SC (by her Mother and Litigation Friend Mrs PC) v Mid Essex Hospitals NHS Trust
Chris Bright QC and Stephen Goodfellow yesterday secured the approval of the High Court in London for a lump sum settlement of £5m in a fiercely disputed clinical negligence claim on behalf a child claimant with a severe acquired brain injury as a result of a delayed diagnosis of Group B streptococcal infection (‘GBS’) and meningitis.
SC was born at the St John’s Hospital, Chelmsford in December 2007 and readmitted overnight with poor feeding at 2½ weeks of age. Her parents were provided with a Nurse Discharge Letter with a direct telephone number and a handwritten note “For the next 24 hours if any problems please ring on the above number and can bring her back to the ward.” SC’s case was that, as her condition deteriorated overnight, her mother telephoned the ward on a number of occasions but, in breach of duty, was not advised to return to the Hospital. Unfortunately, due to the passage of time however, no telephone records were available, leaving Mrs PC reliant upon her own evidence as supported by that of her mother and, indirectly, her husband.

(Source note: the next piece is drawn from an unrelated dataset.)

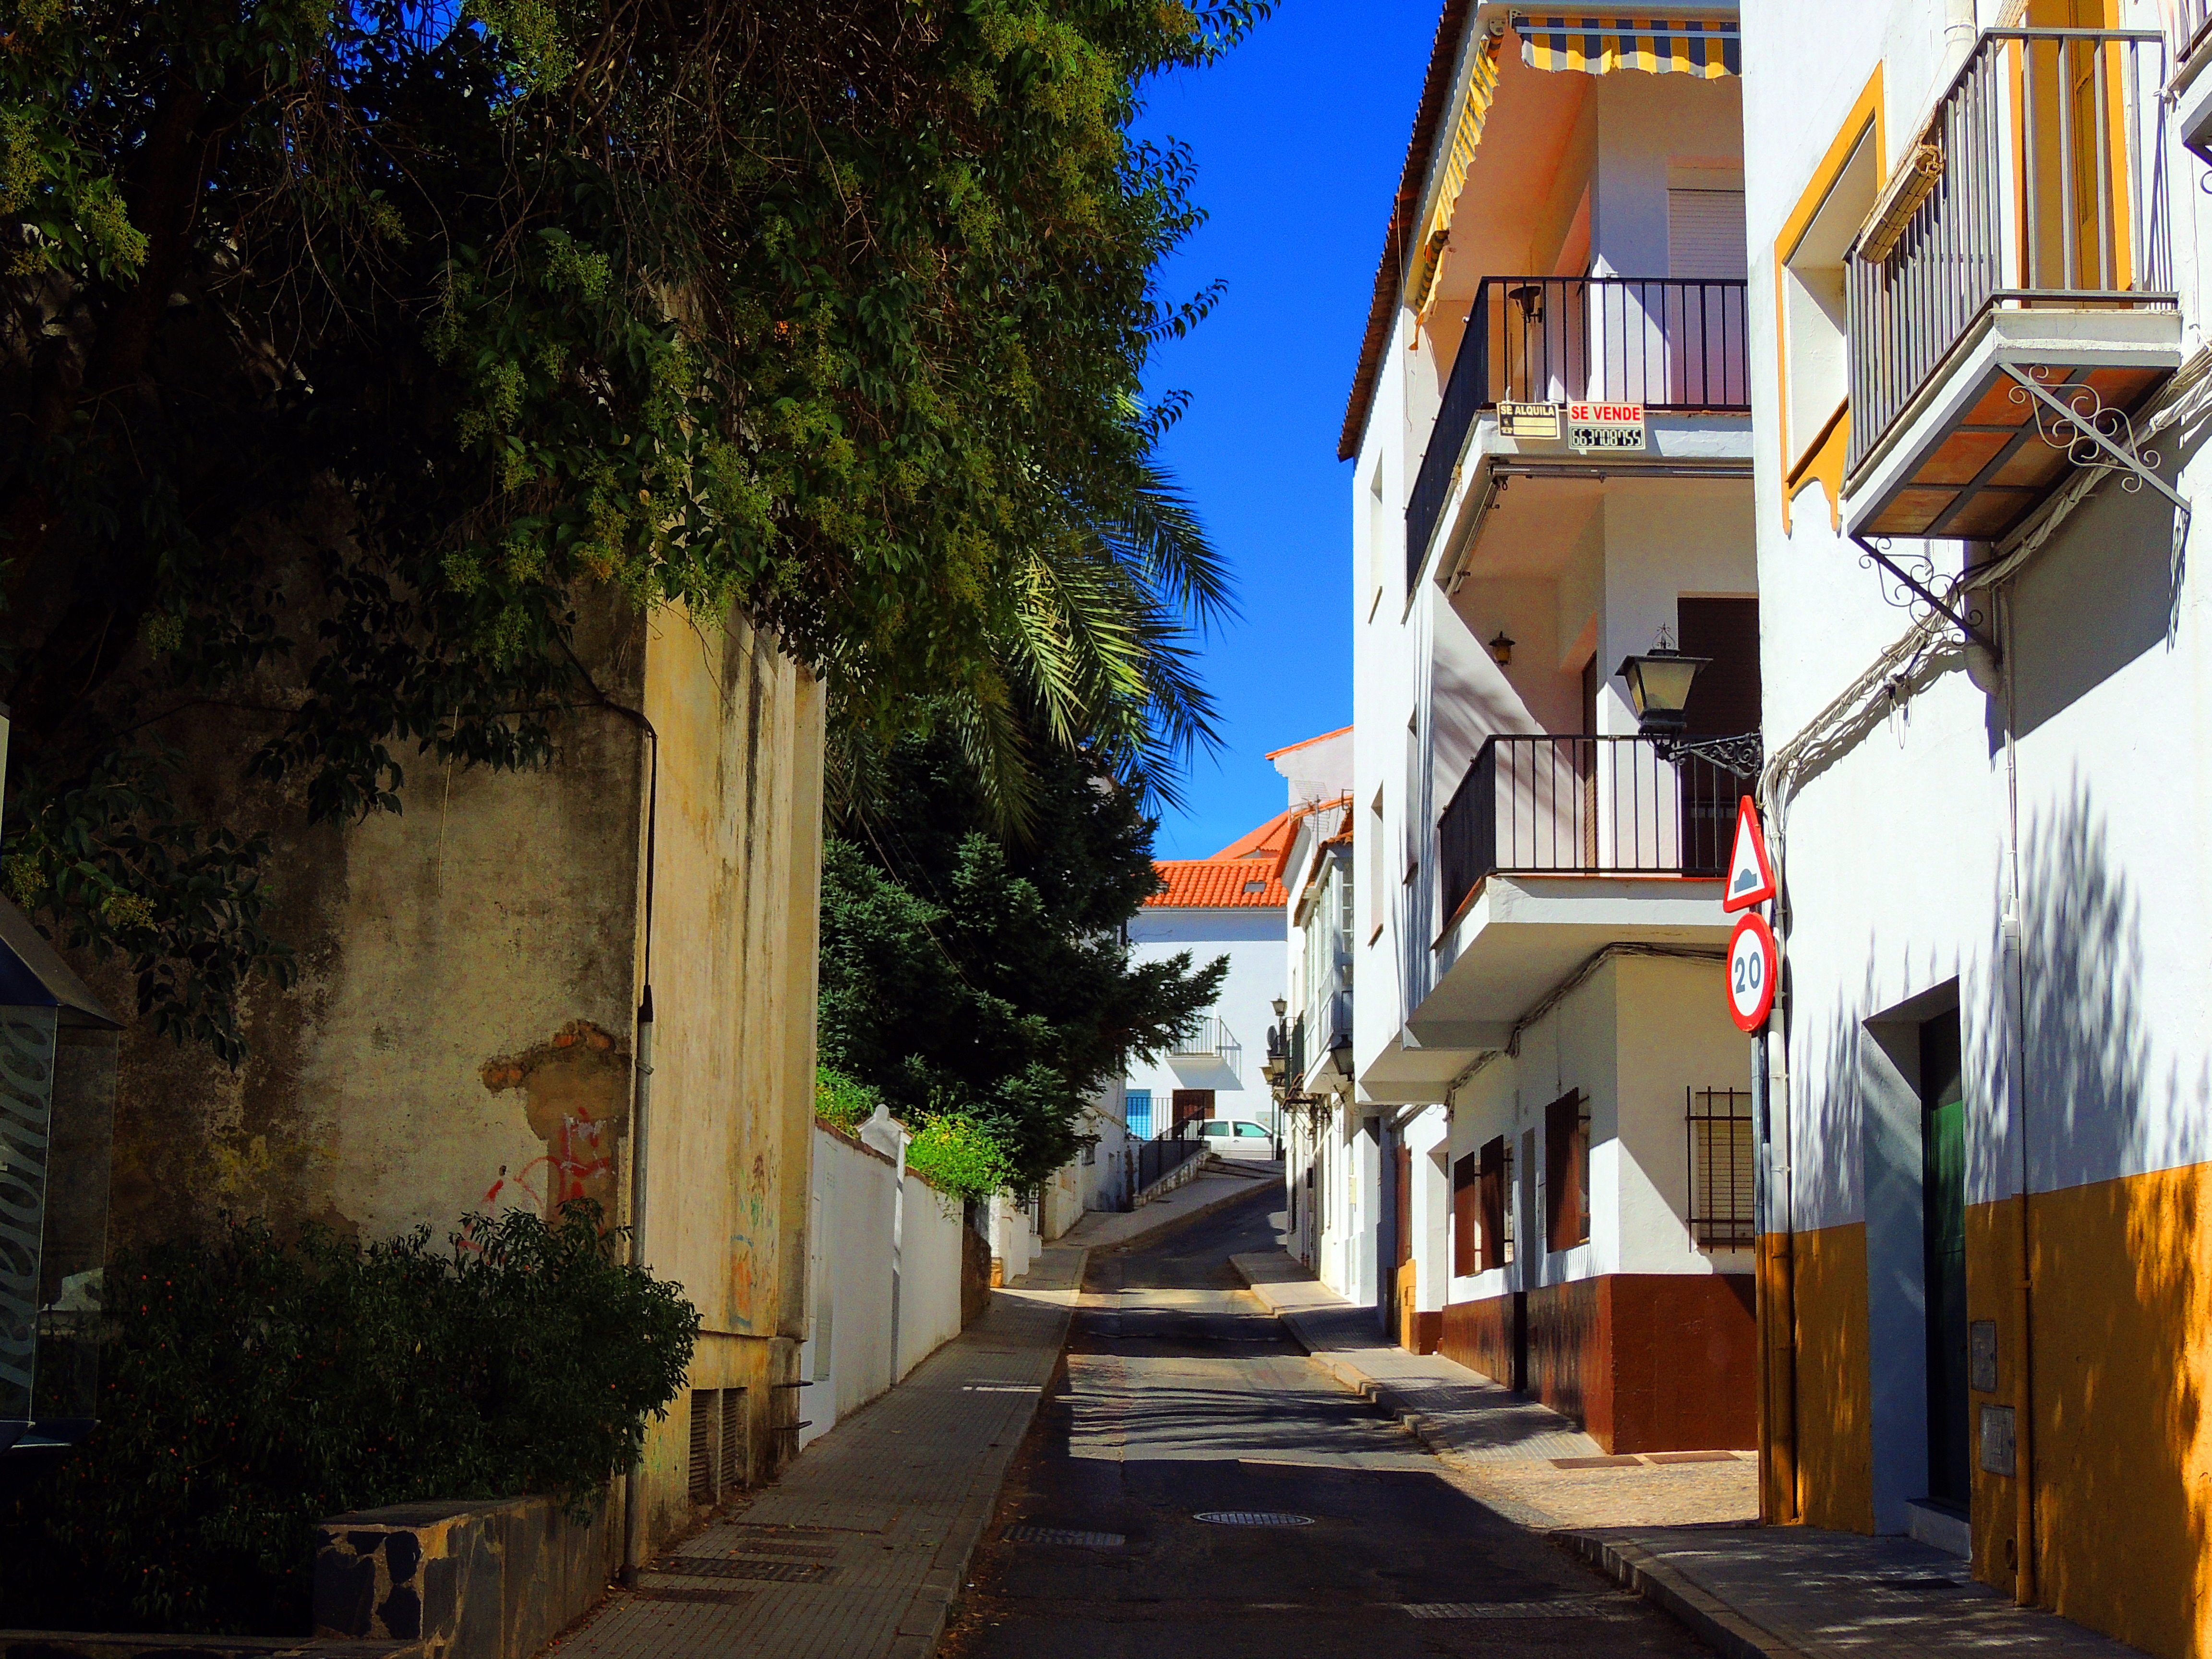 Foto: Calle Cuesta del Olivo - Aracena (Huelva), España

In the absence of such records or references to them in the clinical notes, the Trust denied that the calls were made and argued that, even if they were, advice would not have been given in the terms alleged by Mrs PC and she would have been advised to return to the Hospital. In addition, there were disputes on both factual and clinical causation as to whether and when SC would have been treated and the extent to which the outcome would have been any different.
Sadly, by the time SC was readmitted to the Hospital she had suffered a severe brain injury causing permanent neurological disability, visual impairment, Autism Spectrum Disorder, difficulties in learning and communication and severe challenging behaviours with partial epilepsy and poor motor skills. She requires support in all activities of daily living, is partially wheelchair dependent, will never work or have capacity and has a reduced life expectancy.
Initially the Trust made no offer of settlement and the matter was due to be tried in the Royal Courts of Justice yesterday with family and clinical witnesses and expert midwifery, paediatric, neonatal and infectious diseases evidence. However, at a settlement meeting in mid-September the Trust were persuaded to gradually increase their settlement offers to £5m plus litigation costs, with no restrictions on statutory funding. This represented an excellent settlement, but, more importantly, will fund SC’s care, accommodation and therapeutic needs over her lifetime. Grateful to her legal team, Mrs PC stated “I’d never forgive myself if we went to Court in the face of a multi-million pound offer which will give SC real security for the future, and came away with nothing.”
At the RCJ Mr Justice Goose made an order for anonymity and was “entirely satisfied” that the settlement was in SC’s best interests. Paying tribute to her parents, he said that it was “truly humbling” to see their love and care for SC and the sacrifices that they had made for her in order to give her as full and rewarding a life as possible.